Azimuth of the sun, LHA issues

Hi all, I am trying to do an Azimuth and having an issue with LHA. This is for a sunset sighting in apx. pos’n 33 54’ N 120 00’W at 19:34:00 LT on May 8th 2017 (GMT-7 for DST) 02:34:00 UT may 9 2017. When I go into the Nautical Almanac for GHA I come out with 219 22.4 then subtract my W longitude to come out with LHA of 99 22.4. This doesn’t seem right to me as it seems to indicate that the sun is past the visible horizon. Am I missing something?

First, I would tell you that an Amplitude would be better suited for sunset. Just finish working out the problem and if your azimuth is close to 270 your probably OK.

The Suns azimuth is 289.6 for your position at that time.

Salted sea, which route did you take? I am looking at a way to do it with pub 229, but it doesn’t seem right that the LHA is over 90 degrees when sun azimuth is taken right before sunset. and yeah if I had a clear horizon I would do amplitude.


Your result is right, while your reasoning is false.

Sun rise or set are not at LHA 270°/90° (with some exceptions at the equator).
That would mean the length of the day being always exactly 12 hours.

For your position, all times TZ -7:

Day length = 13h 47m
Sunrise is at 06:03 with an azimuth of 68.2°
Local noon is at 12:56 with an azimuth of 180° and a LHA of 0°
at your time, 19:34, elevation of the sun is 2.41°, azimuth is 289.6°, LHA is 6h 37m 34s
Sunset is at 19:50 with an azimuth of 292°

Ok, thanks I guess. so you are saying that LHA is correct, I guess that I am just having a hard time visualizing that but either way, if I were to solve it with pub 229, I run into issues with Next LHA and using base Dec an Lat. I know that I can just put it in the formula and out comes a Z value but I really would like to figure out why the pub 229 is not working for me.

Imagine that mid-summer you are standing at the north pole. The sun will be above the horizon through the entire 360 degree rotation of LHA.

LHA and declination are the coordinates of the GP. The calculation done in Pub 229 converts to Azimuth (Z) and altitude Hc) which is what is seen by an observer at any given point.

I never liked to use pub 229. 505 in bowditch was my jam. Always an exact answer.

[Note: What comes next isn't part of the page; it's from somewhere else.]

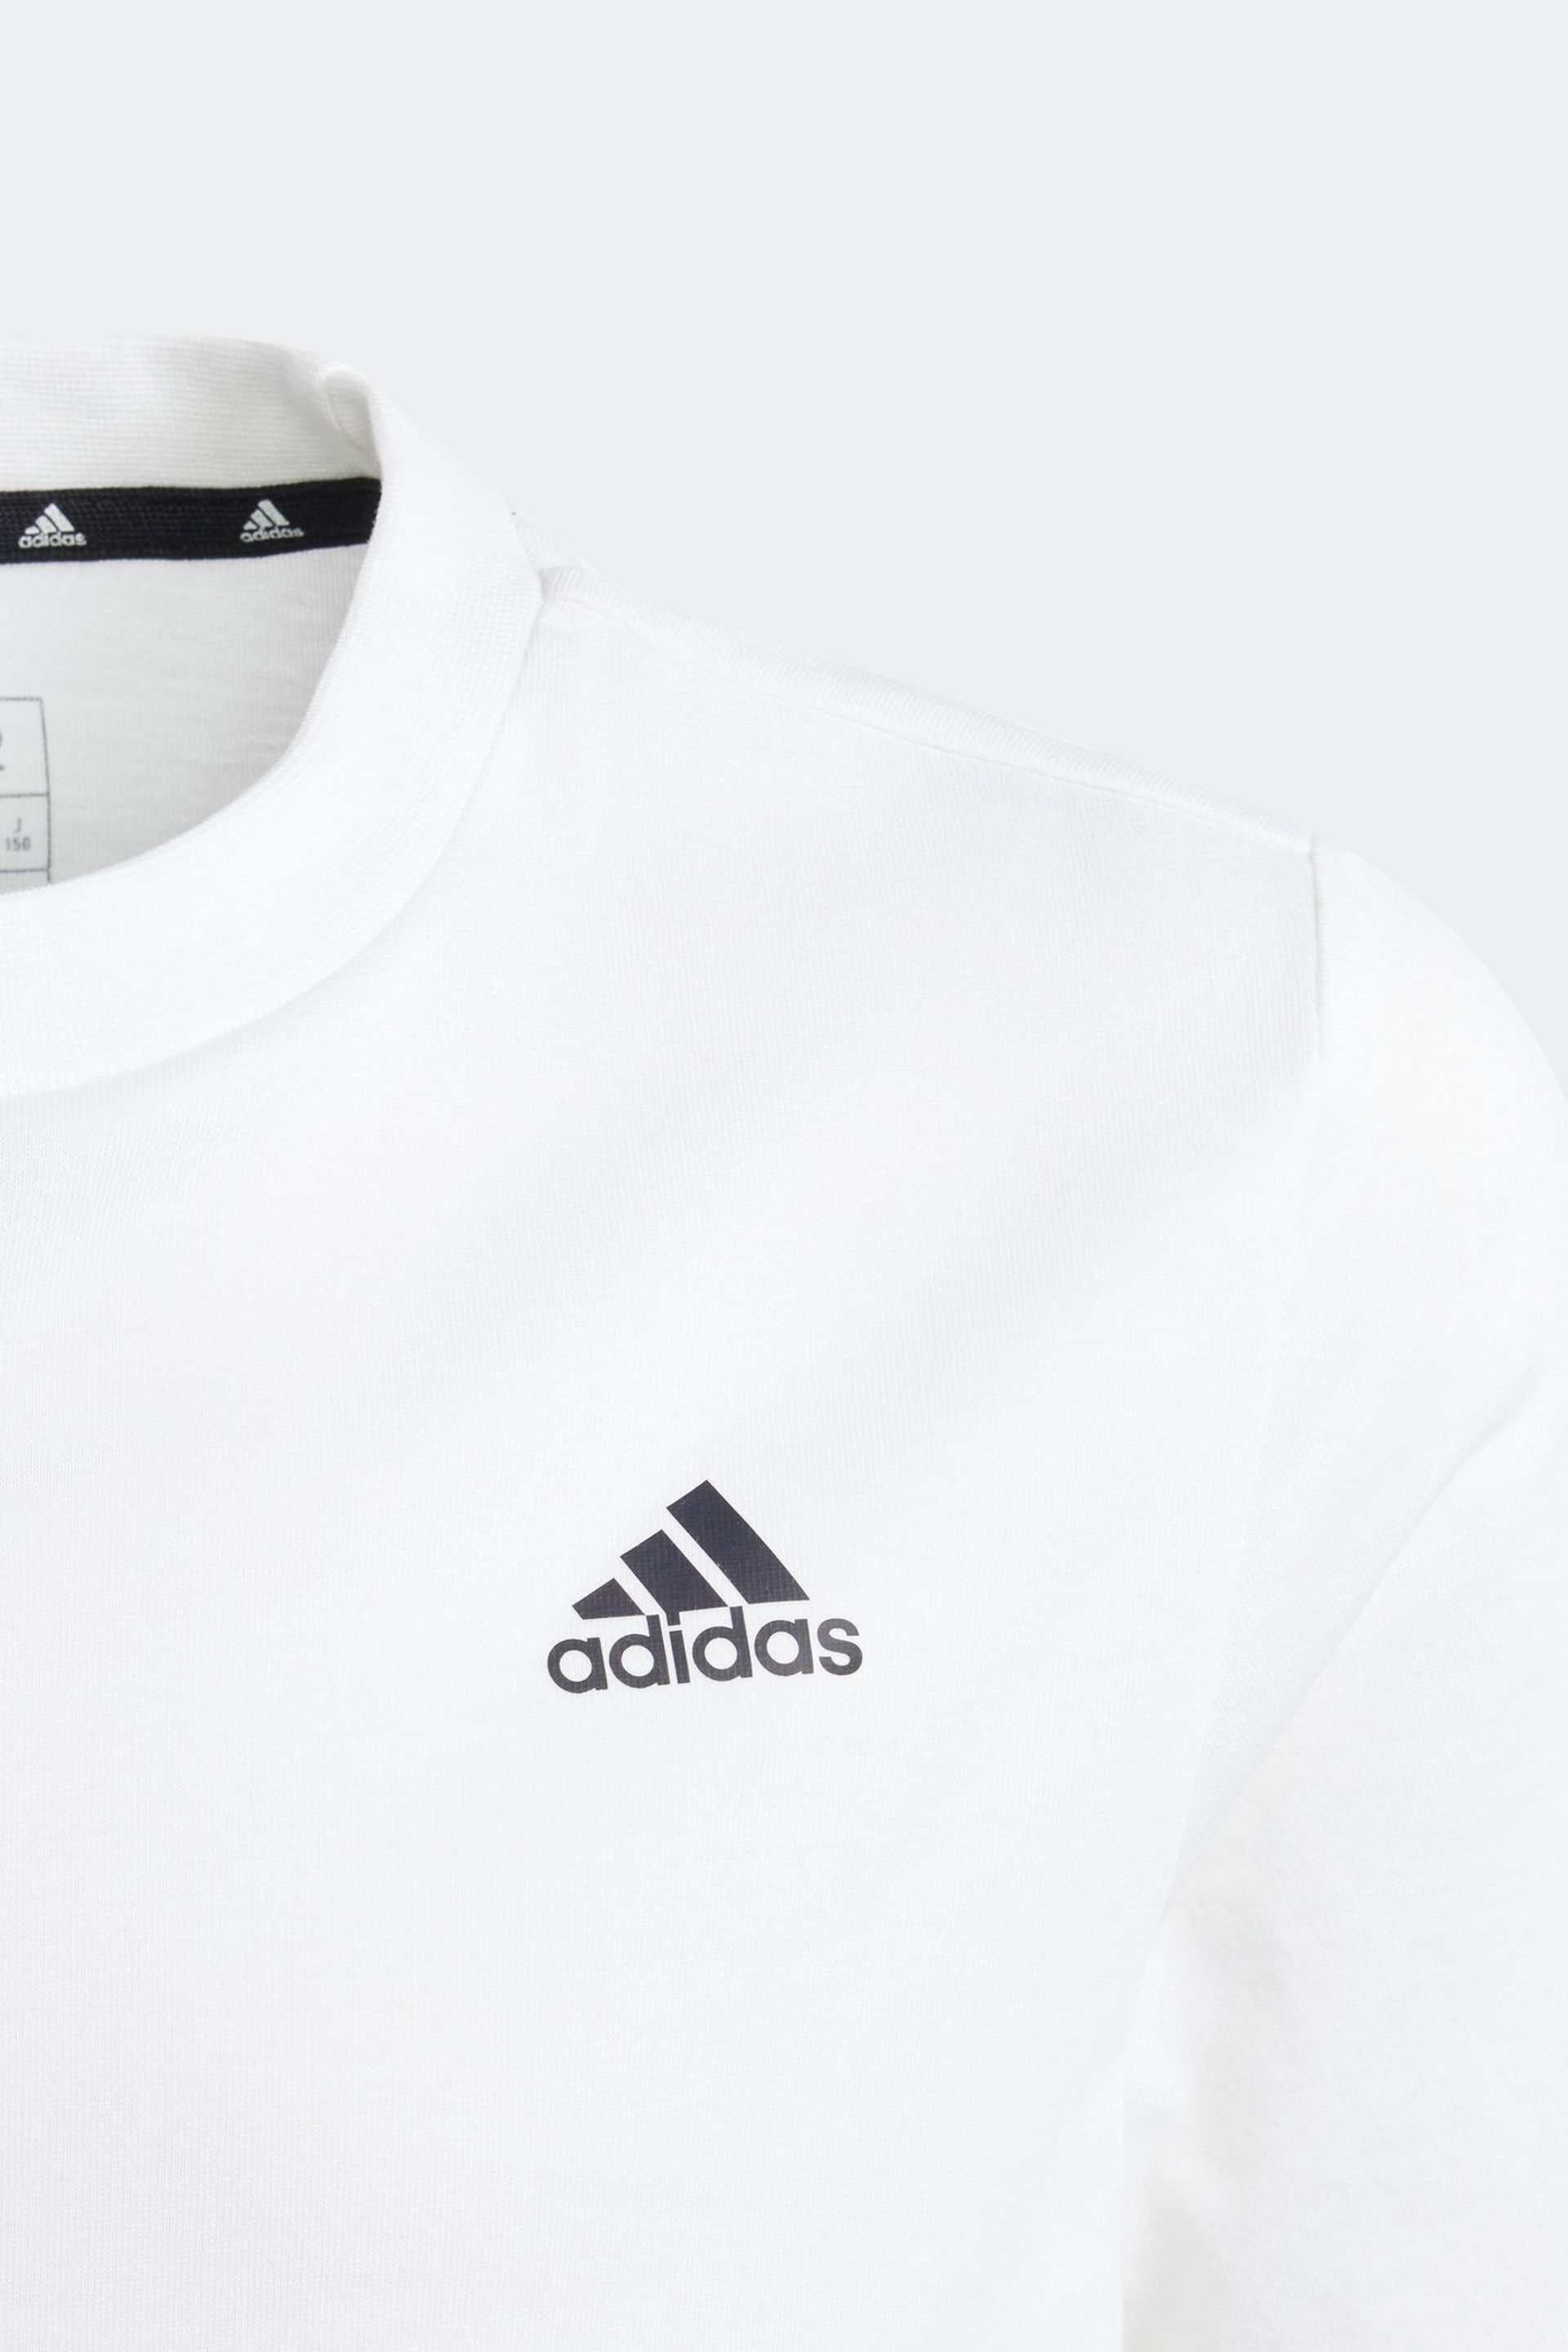 adidas White Sportswear Essentials Small Logo Cotton T-Shirt - Image 3 of 6

thanks Kebbebc, makes sense. I understand what pub 229 is doing and how to do triple interp. just a little confused with some LHA’s above 90 , when I go to the next LHA Z value the Z jumps up a lot if it crosses the black lines in pub 229 (say LHA 101 30, Dec 17 20, Lat 33 30)

I don’t use 229 for azimuths. I just use the formula from bowditch 2. Honestly I don’t even use that anymore, I use sky mate. Unless on a crossing and super bored.

Take the GP of a body, that body will be visible (about) 90 degrees in every direction away from the GP. So if you were at the GP (the body directly overhead) you could move 90 degrees away in any direction and it would still be visible. The area where the body can be seen could be thought of as a “footprint”.

Assume for example the GP is Lat 10 N and say 120 W. Move north along the 120 W meridian, when you cross the north pole the LHA will switch from LHA=0 to LHA=180 but you will still see the body.

As far as 229, it’s nice to know how to use it but the formulas are quicker and easier.